= Wilfred T. Neill =

American zoologist (1922–2001)

Wilfred T. Neill (1922–2001) was an American herpetologist and author. His name survives in the scientific names of the central Florida crowned snake, Tantilla relicta neilli, and a Central American snail-eating snake, Sibon sanniolus neilli.

==Early life==
Wilfred Trammell Neill, Jr., was born in Augusta, Georgia, on January 12, 1922. He graduated at the age of 19 with a B.S. from the University of Georgia. He served in the Army Air Force in the South Pacific during World War II.

===Research===
After the war, Neill taught Biology and Zoology in Augusta, Georgia, at Richmond Academy and Augusta Junior College. In 1949, he joined E. Ross Allen's Reptile Institute in Silver Springs, Florida, as Research Director.

Neill was the first to describe the Everglades rat snake (Elaphe obsoleta rossalleni, a subspecies of Elaphe obsoleta, 1949), the Gulf hammock dwarf siren (Pseudobranchus striatus lustricolus, a subspecies of Pseudobranchus striatus, 1951), the one-toed amphiuma (Amphiuma pholeter, 1964), and the southern Florida rainbow snake (Farancia erytrogramma seminola, a subspecies of Farancia erytrogramma, 1964).

In 1966, herpetologist Sam Rountree Telford, Jr. honored Neill by giving his name to a newly described subspecies of the Florida crowned snake (Tantilla relicta), naming it Tantilla relicta neilli. Similarly, a subspecies of pygmy snail-eating snake, Sibon sanniolus neilli, was named in his honor by Henderson, Hoevers, and Wilson in 1977.

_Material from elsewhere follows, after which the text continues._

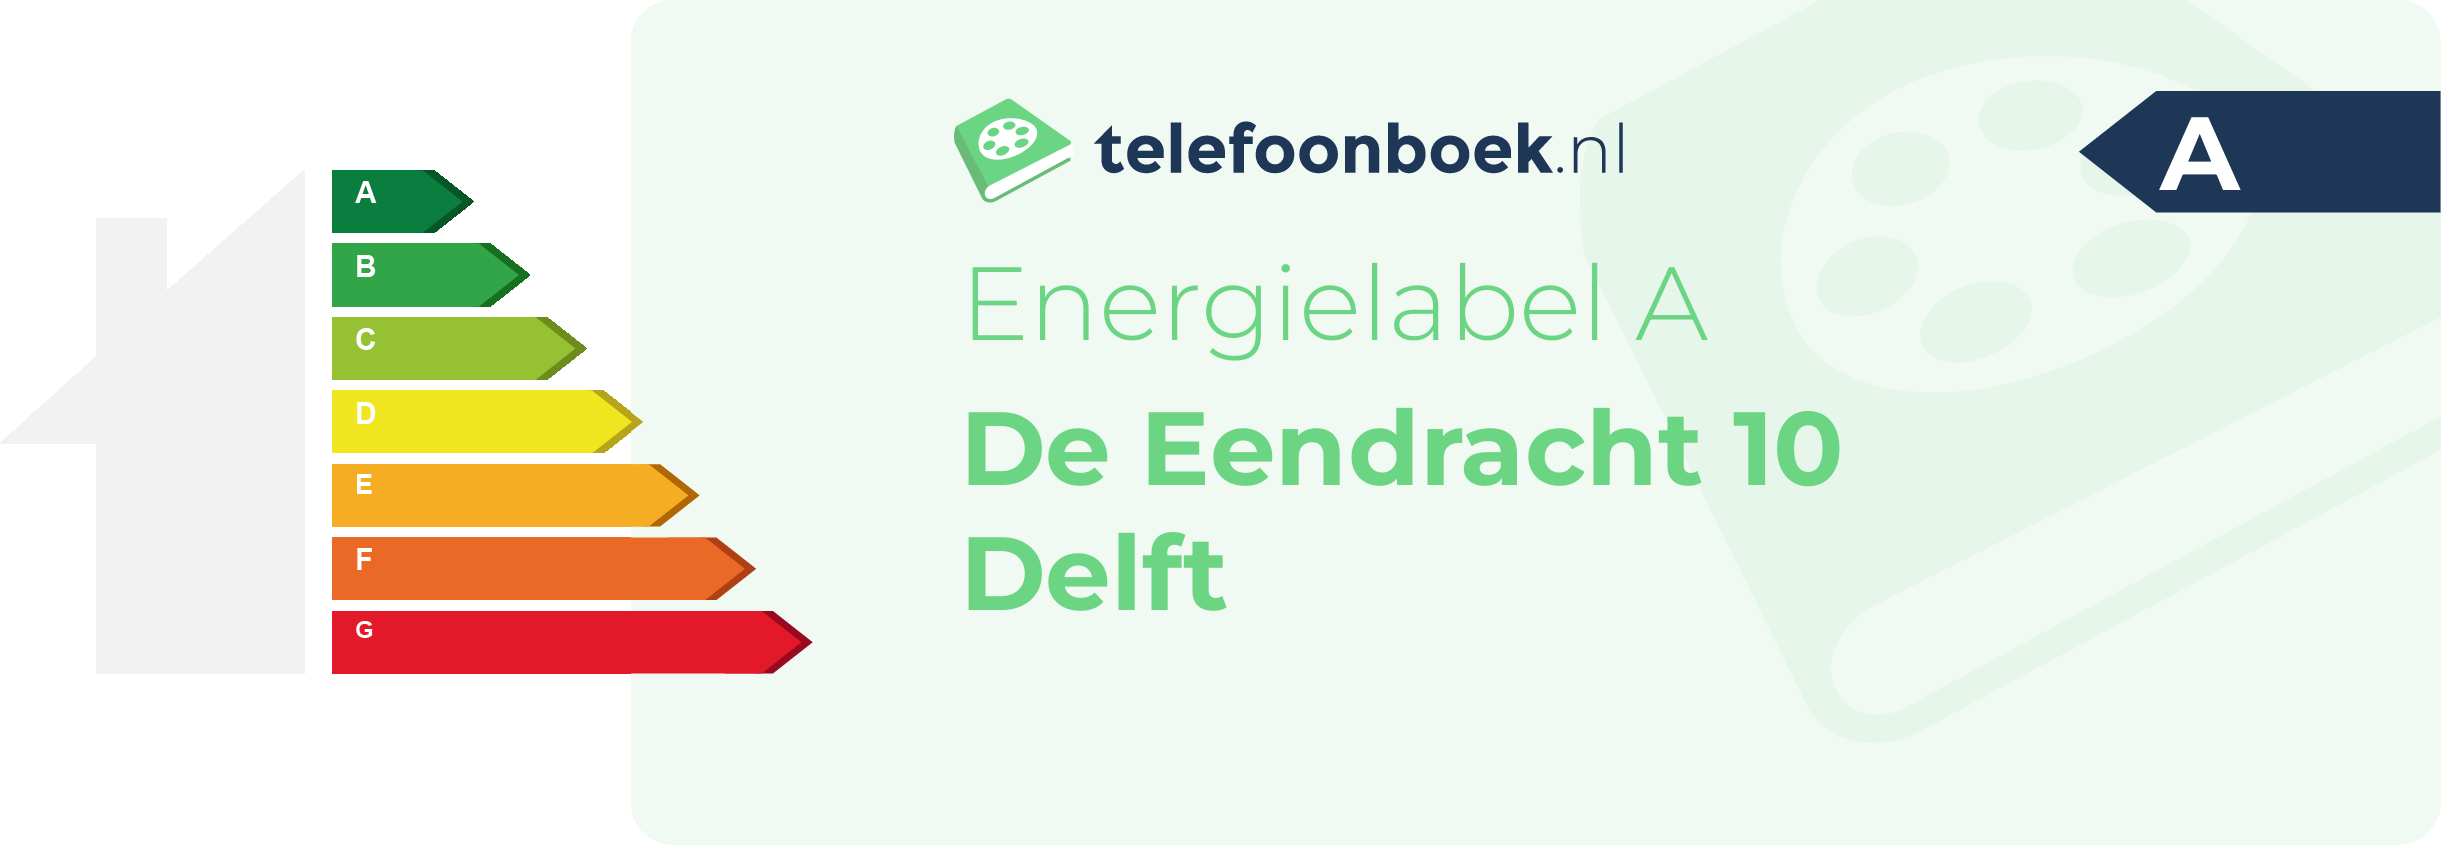 Energielabel De Eendracht 10 Delft

In 1956 Neill's The Story of Florida's Seminole Indians was published by Great Outdoors Publishing of St Petersburg, Florida. The book and photos tell the history and culture of these people and includes two excellent drawings by the author.

Neill published an influential work on crocodile biology in 1971: The Last of the Ruling Reptiles: Alligators, Crocodiles, and their Kin.

===Illness and death===
Neill's health suffered a decline after a nearly fatal snakebite in 1978. It was the forty-first time he had been bitten by a venomous snake. He died of pneumonia on February 19, 2001, in Lakeland, Florida.